The epoxy resin is not particularly limited, for example, phenol novolak type epoxy resin, ortho-cresyl novolak type epoxy resin, phenolic and aldehyde novolac resins to be epoxidized, bisphenol A, Glycidyl ether-type epoxy resins such as bisphenol F and bisphenol S, and glycidyl ester epoxy resins obtained by reacting polybasic acids such as phthalic acid and dimer acid with epichlorohydrin Resin (bisphenol type epoxy resin), linear aliphatic epoxy resin, alicyclic epoxy resin, heterocyclic epoxy resin, alkyl modified polyfunctional epoxy resin, β-naphthol novolak type ring Oxygen resins, 1,6-dihydroxynaphthalene-type epoxy resins, 2,7-dihydroxynaphthalene-type epoxy resins, bishydroxybiphenyl-type epoxy resins, rings with halogens such as bromine introduced to enhance flame retardancy Oxygen resin etc. These may be used individually by 1 type, and may use 2 or more types together. Among them, an epoxy resin containing at least one kind selected from bisphenol type epoxy resins such as bisphenol A type epoxy resins and bisphenol F type epoxy resins, and alicyclic epoxy resins is preferable.

(hardener) When an epoxy resin is contained as the resin, it is desirable that the resin composition further contains a curing agent. Hardening agent, for example, can be exemplified: one selected from the group of phenol, cresol, xylenol, resorcinol, chlorophenol, tertiary butylphenol, nonylphenol, propophenol, octylphenol, etc. Or a mixture of two or more kinds, and formaldehyde, p-formaldehyde or p-xylene are reacted under an oxidation catalyst to obtain bisphenol compounds such as novolac resin, polyparahydroxystyrene resin, bisphenol A, bisphenol S, etc. , trifunctional phenols such as gallinol and phloroglucinol, acid anhydrides such as maleic anhydride, phthalic anhydride, and pyromelite anhydride, aromatics such as m-phenylenediamine, diphenylmethanediamine, and diphenylenediamine amines, etc.

The content of the hardener is ideally blended such that the active hydrogen equivalent (or acid anhydride equivalent) of the hardener is 0.01 to 1.25 relative to 1 equivalent of epoxy in the epoxy resin.

(other additives) A curing accelerator, a release agent, a coupling agent, a coloring agent, etc. may be blended into the resin composition within the range that does not inhibit the effect of the present invention. The hardening accelerator is not particularly limited, and examples include: 1,8-diazabicyclo(5,4,0)undec-7-ene, triphenylphosphine, benzyldimethylamine, 2-methylimidazole, etc. . The release agent can be, for example: natural waxes, synthetic waxes, metal salts of straight-chain fatty acids, amides, esters, paraffins, etc. As the coupling agent, a silane coupling agent can be exemplified. Silane coupling agents, for example: γ-glycidoxypropyl trimethoxysilane, β-(3,4-epoxycyclohexyl) ethyl trimethoxysilane and other epoxy silanes; aminopropyl triethyl Aminosilanes such as oxysilane, ureidopropyltriethoxysilane, N-phenylaminopropyltrimethoxysilane; phenyltrimethoxysilane, methyltrimethoxysilane, octadecyltrimethoxysilane and other hydrophobic silane compounds, mercaptosilane, etc.

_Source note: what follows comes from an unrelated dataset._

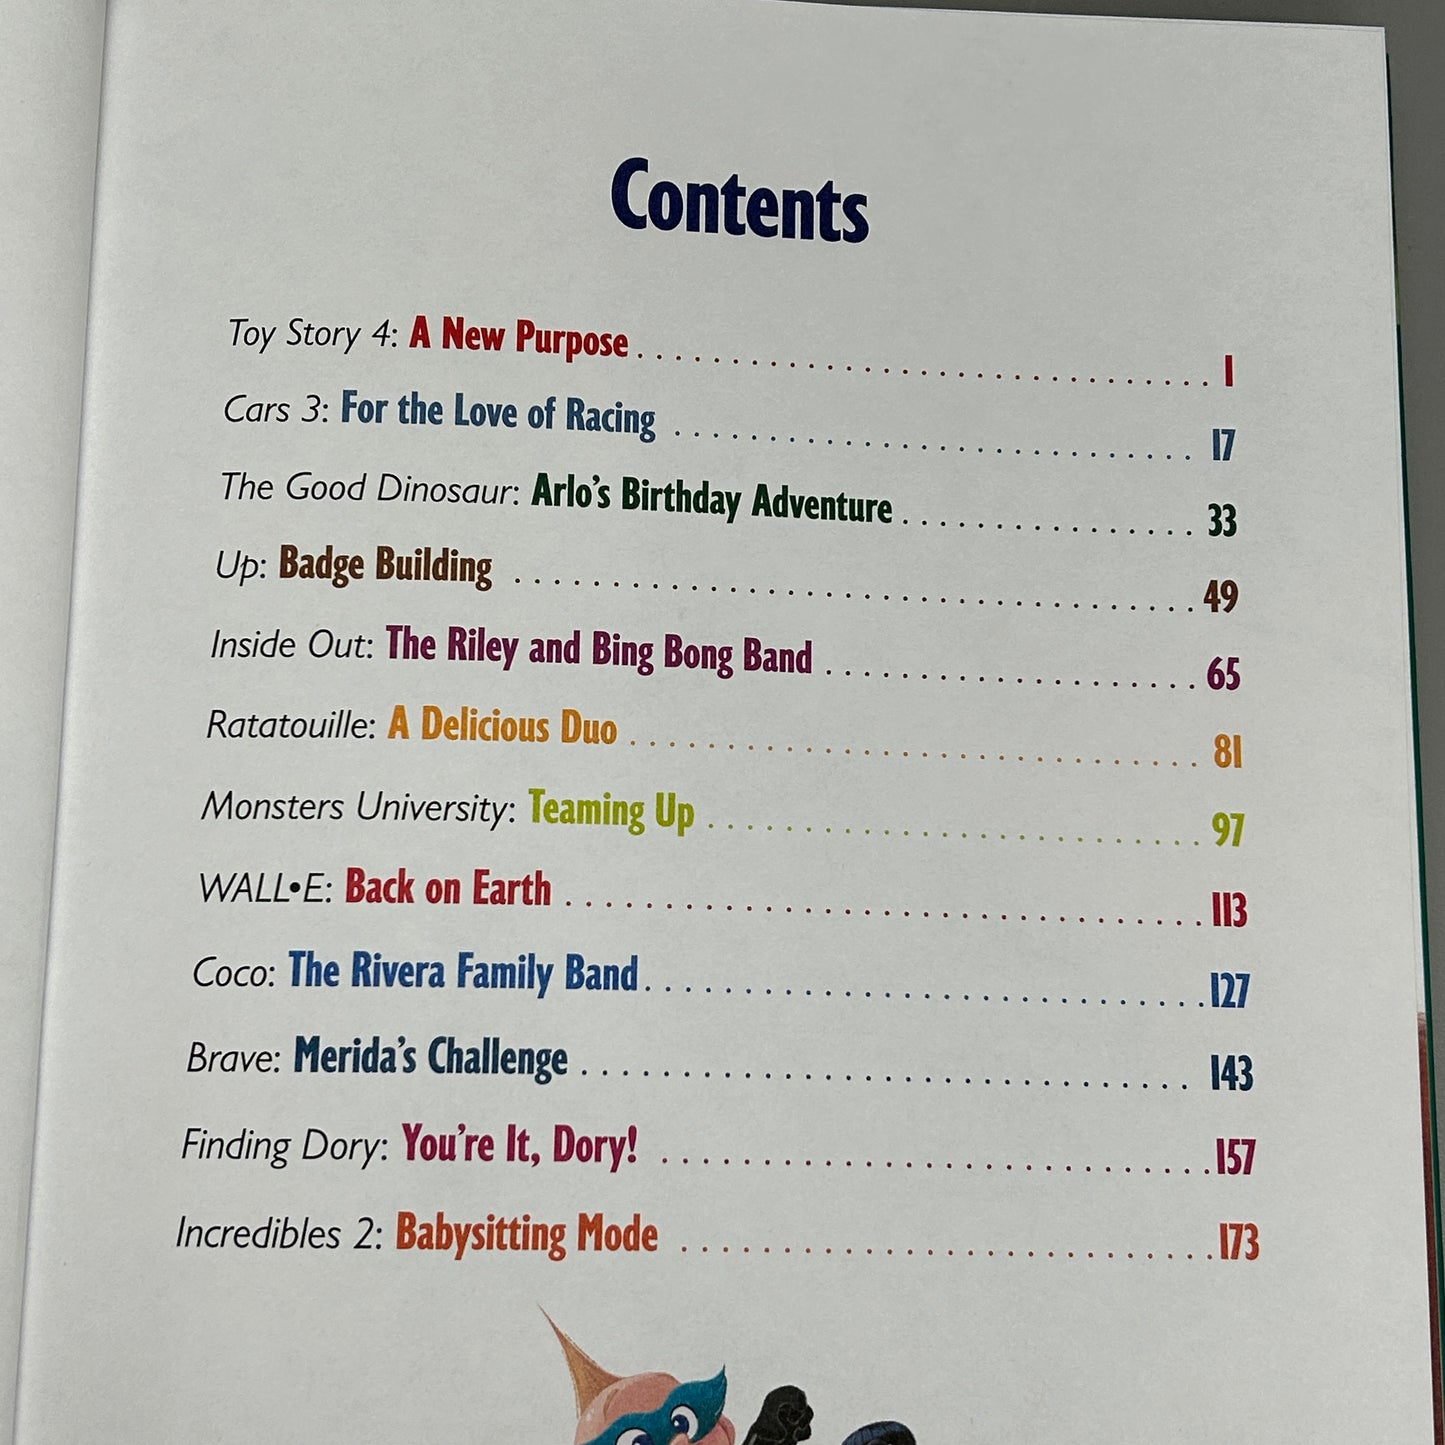 DISNEY 5-Minute Disney Pixar Stories Hardback Book (New)

One aspect of the resin composition of the present invention is that it contains the silicon oxide powder of the present invention and bisphenol F-type epoxy resin, and the maximum particle diameter (D _max ) of a particle size measuring instrument measured under the following conditions is 5.0 μm or less resin composition. The above-mentioned maximum particle diameter (D _max ) may be 4.0 μm. (Measurement method) Add 67 parts by mass of silicon oxide powder to 100 parts by mass of bisphenol F liquid epoxy resin, and rotate at 2,000 rpm for 3 minutes at a temperature of 30°C by using a self-rotation-revolution mixer. Minutes were mixed to prepare a resin composition. The above resin composition follows JIS K 5600-2-5, using a particle size measuring instrument with a width of 90 mm, a length of 240 mm, and a maximum depth of 100 μm, to evaluate the dispersion degree of the above silicon oxide powder for the above epoxy resin by using the distribution diagram method, and measure the maximum Particle size (D _max ). In addition, the same evaluation was performed 5 times, and the average value was used.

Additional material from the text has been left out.